My first step in the teaching process has been to simply stroke the length of his back two or three times right after I let him have his meal. It’s very casual, it’s as I turn to leave the run. I pet him a few times with my back to his head and bowl, I praise, I walk out. He has accepted this attention beautifully, with no stiffening, no adverse reaction.

Next, I am going to introduce him to clicker training (Today! We will start today!). I’m very excited to start this method with him because I know he’s going to respond so well.

If you are not familiar with clicker training, here is a really, really condensed explanation of the theory behind it. Basically, the animal learns that the click sound is a bridge between the display of a specific, desired behavior, and a reward to come. So, for example, if a dog who has been properly introduced to the clicker comes and sits in front of a person instead of jumping up in greeting, he would get a click and a reward (generally a food treat in the training process, but it can be anything that the dog finds rewarding).  The trainer is capturing and marking the desired behavior at the precise moment it is offered and rewarding it, thereby increasing the likelihood that the dog will offer the behavior again.

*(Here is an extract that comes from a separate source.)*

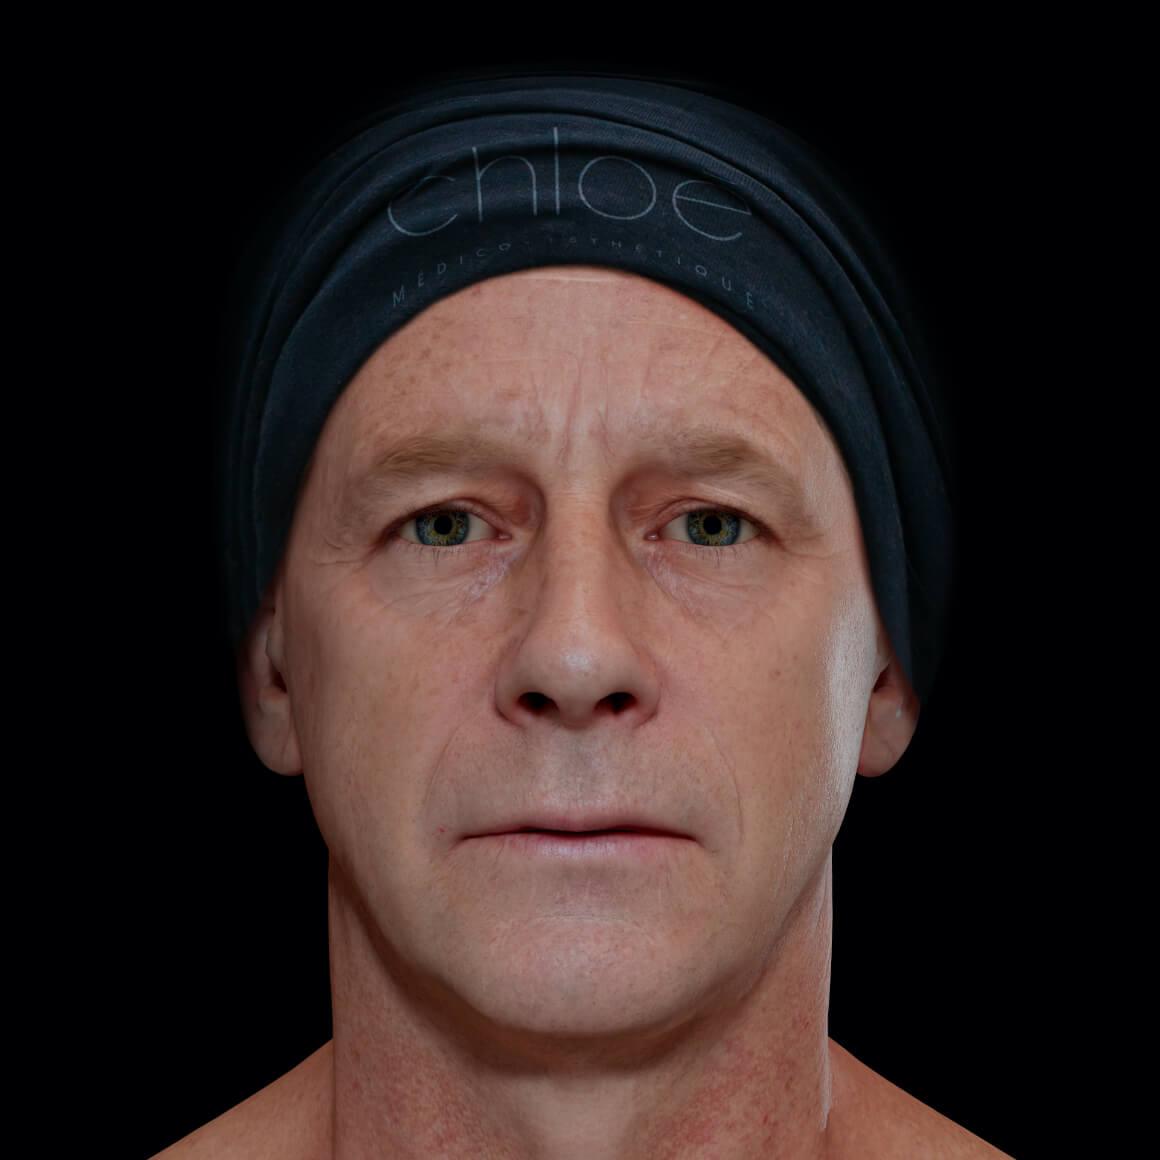 Patient de la Clinique Chloé positionné de face après des traitements de plasma riche en plaquettes, ou PRP, pour les rides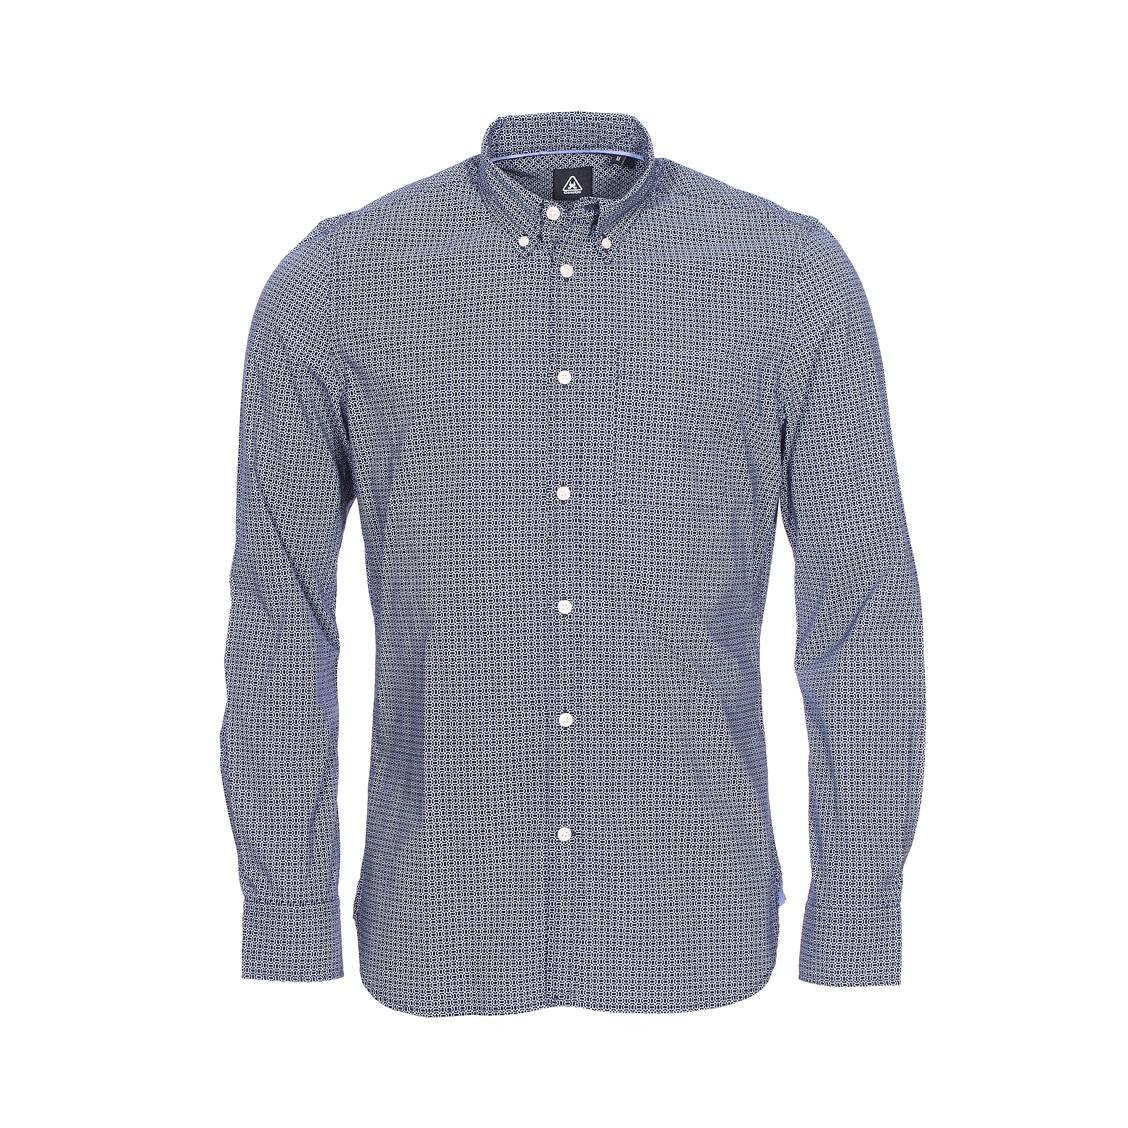 Chemise droite Gaastra en coton bleu marine à motifs blancs

With Big-Bad, I plan to introduce the clicker and then use it at mealtime. I will have him sit, I will click, and I will give him his food bowl. We will do that a few times. Then I will stay while he eats and I will pet him lightly. Each time he displays relaxed behavior when I pet him, I will click and then drop a higher value food treat into his bowl. He will find that my attention is not only non-threatening, but that it also earns him something even yummier.

The next step will involve a wonderful tool called the Assess-A-Hand, developed by renowned trainer Sue Sternberg. This is a great tool that is used by shelters and trainers across the nation. Basically, it is a fake hand that allows you to test and train with a dog that has resource guarding issues without putting any of your own digits at risk. I am a big fan. BIG.

Assess-A-Hand

Information on Assess-A-Hand is visible ON the Assess-A-Hand. This doggy looks like he might bite it. Poor A-A-H!

In a few days, a bit further down the training trail, I will have Assess-A-Hand touch Big-Bad lightly on the face while he is eating. Brave little Assess-A-Hand will also reach into the bowl, perhaps even sliding it a bit away. Each time Big-Bad accepts this attention appropriately, I will click and add a higher value food treat into his bowl. I won’t push him too hard, I will teach him gradually. I’m so excited to start this process.

The important thing here is that we are not going to wait for him to possibly develop serious resource guarding issues; we are going to preemptively teach him that such behaviors are not necessary.  There is no need for him to act out aggressively, and there is certainly no need for me to respond in kind. It’s a line of thinking and methodology I have learned from amazing mentors in my never-ending, always-evolving journey as a certified professional dog trainer and it works.

I think I’ll also get some M&Ms so I can click and treat myself too. Fair is fair, after all.

Oh, and his name! I bet you’re dying to find out what we finally decided for his real name…yeah, us too. Sigh.

20140907_112040

Photo proof of a relaxed wolfdog…as well a proof that I really need to clean the dog snobbers off of my windows.